Phanerozoic marine biodiversity dynamics in light of the incompleteness of the fossil record

Abstract

Long-term evolutionary dynamics have been approached through quantitative analysis of the fossil record, but without explicitly taking its incompleteness into account. Here we explore the temporal covariance structure of per-genus origination and extinction rates for global marine fossil genera throughout the Phanerozoic, both before and after corrections for the incompleteness of the fossil record. Using uncorrected data based on Sepkoski’s compendium, we find significant autocovariance within origination and extinction rates, as well as covariance between extinction and origination, not one, but two, intervals later, corroborating evidence for the unexplained temporal gap found by past studies. However, these effects vanish when the data are corrected for the incompleteness of the fossil record. Instead, we observe significant covariance only between extinction and origination in the immediately following intervals. The gap in the response of the biosphere to extinction in the uncorrected fossil record thus appears to be an artifact of the incompleteness of the fossil record, specifically due to episodic variation in the probability that taxa will be preserved, on time scales comparable to the temporal resolution of Sepkoski’s data. Our results also indicate that at that temporal resolution (the stage/substage of duration ≈5 million years), changes in origination and extinction do not persist for longer than one interval, except that elevated origination rates immediately after extinction may last for more than a single interval. Thus, although certain individual cases may deviate from the overall pattern, we find that in general the biosphere’s response to perturbation is immediate geologically and usually short-lived.

Sepkoski’s compendia of marine fossil families (1) and genera (2, 3) have been central to the analysis of the long-term patterns of origination, extinction, and overall diversity of marine animals throughout the Phanerozoic. Many analyses have looked for temporal correlations between rates of origination, extinction, and total biodiversity in stages and substages of the Phanerozoic (4–9). Of special interest has been the discovery of the delayed recovery of diversity after times of unusually high extinction (5, 6), as well as the observation that times of high extinction and origination tend to persist for more than a substage (5–7). These results suggest either that the causes of elevated rates of origination or extinction persist for many millions of years, and/or that the biosphere has some intrinsic limits in how fast it can recover from extinction (6).

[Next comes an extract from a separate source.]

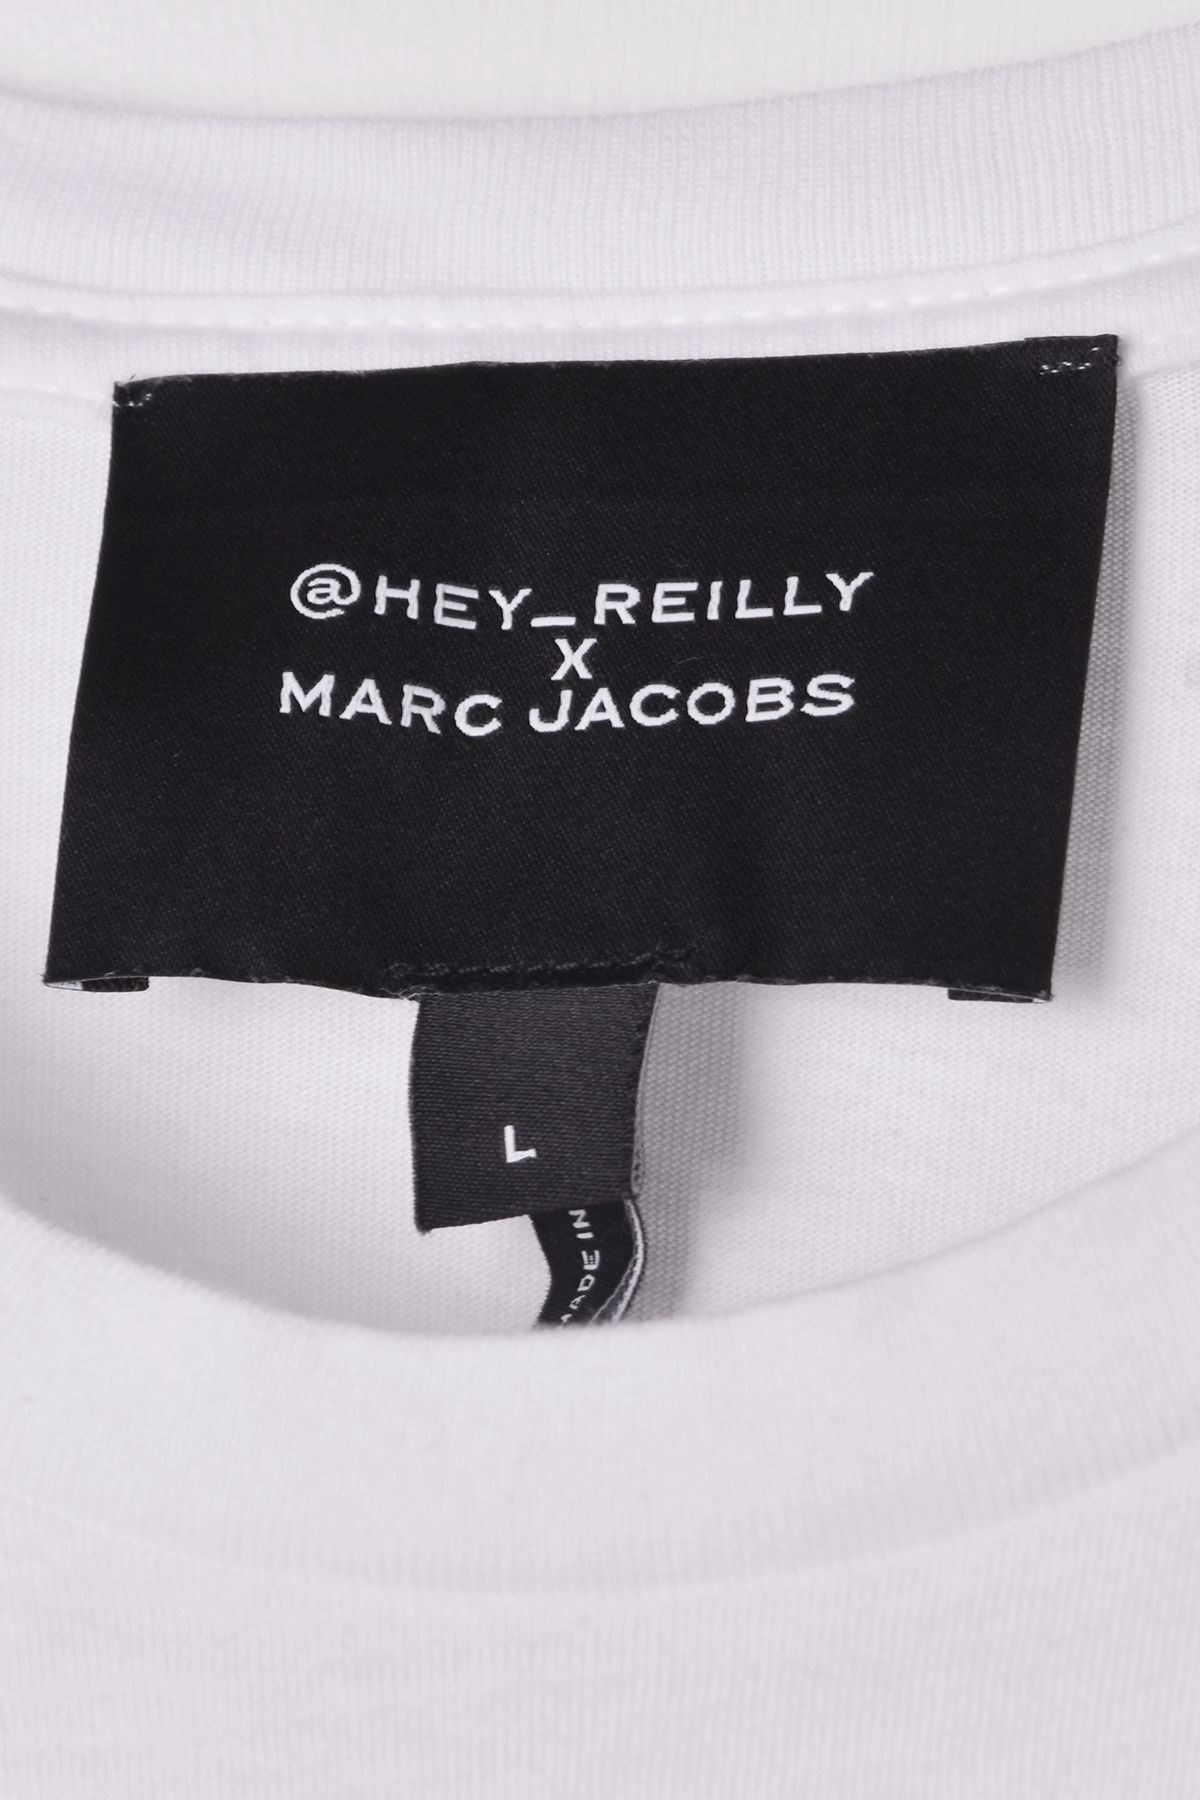 【BRAND VINTAGE】Marc Jacobs x HEY REILLY T-shirt/White #4559 [mn]

However, as all of these studies have recognized, Sepkoski’s raw data do not include any corrections for the incompleteness of the fossil record. Significantly, there is growing evidence that this incompleteness, and its temporal variation, can have significant effects on perceived patterns of origination, extinction, and biodiversity in the fossil record (10–12). While some analyses have been adjusted in an attempt to account for incompleteness (e.g., ref. 6), none has performed a basic time-series analysis on a data set that has used geological and paleontological first principles to quantitatively correct the observed rates of origination and extinction derived from Sepkoski’s compendium of marine genera for the effects of incompleteness. Foote has recently presented such a data set (13), and its differences from Sepkoski’s raw data are striking. Specifically, Foote has noted that the measured peaks of origination and extinction in the corrected data are far more volatile than in Sepkoski’s uncorrected data (representative time series are presented in Fig. 1), and he cautioned that between-stage correlations in rates of origination and extinction may indeed be artifacts created by the incompleteness of the fossil record.

Fig. 1.

Per-genus rates of (a) origination O_i and (b) extinction E_i as a function of time. Uncorrected data (Upper) and data corrected for the incompleteness of the fossil record (Lower) are presented. Diversity has been counted by using the boundary-crosser method, assuming pulsed turnover (13). Different geological periods are indicated in standard colors; average rates are indicated by dotted lines.

Analytic Approach

Here we examine how the previously reported correlations of between-stage rates of origination and extinction (5, 6, 8) are affected when Foote’s corrected data are subjected to time-series analysis. Specifically, we use vector autoregression (VAR) analysis (14) to examine the temporal covariance structure between per-genus origination and extinction rates of Phanerozoic marine genera, for both Sepkoski’s raw data and the data corrected by Foote for the incompleteness of the fossil record (13).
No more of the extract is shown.